Now this is a conundrum…  how to ask a small and simple question about a subject which is so little considered and yet was of such importance to the carriage of goods in the late 19th century…  and a subject which was relevant to all railway companies since wagons from most (any?) of those companies could have been seen on the Extended Widened Lines.  OK, possibly wagons of the North London Railway might not have penetrated the gloom of those hallowed tracks..   maybe a reader can offer a plausible scenario for NLR wagons working over the EWL?

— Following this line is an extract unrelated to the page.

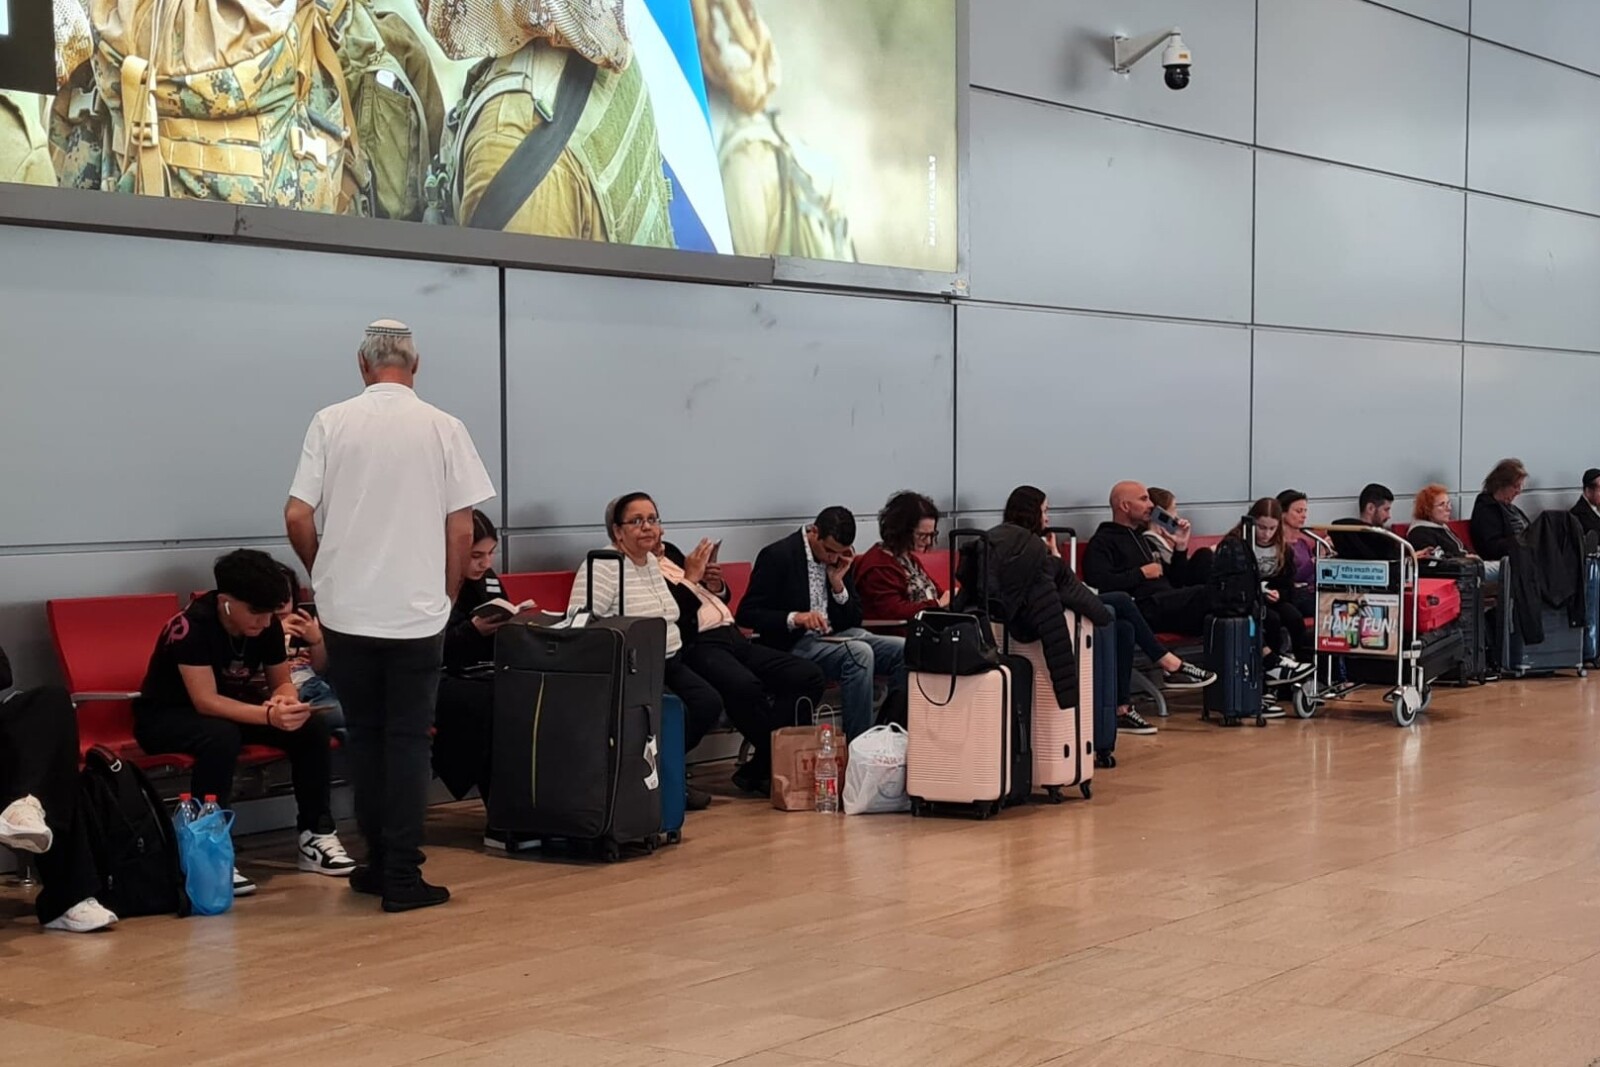 ממתינים למידע בשדה התעופה (צילום: הדס יום טוב)

So to the subject of this post…  sheets ands ropes, required in their thousands for covering and protecting goods in transit when carried in open wagons.

Much has been written about how the railway companies managed the movement of loaded and empty wagons….  and about how the Railway Clearing House kept records of  foreign* wagon movements between railway companies….  little has been written about the management and return of the sheets and ropes which would have made similar journeys across railway boundaries.  A good explaination of how the Midland Railway (and its successors) managed wagon sheets and associated ropes is provided by Midland Record No.3 (Wild Swan)…  good enough to prompt investigation into how things were done on other railways.  Such a task seems necessary to the working of goods services through Basicilia Fields and yet such a task is onerous in the extreme.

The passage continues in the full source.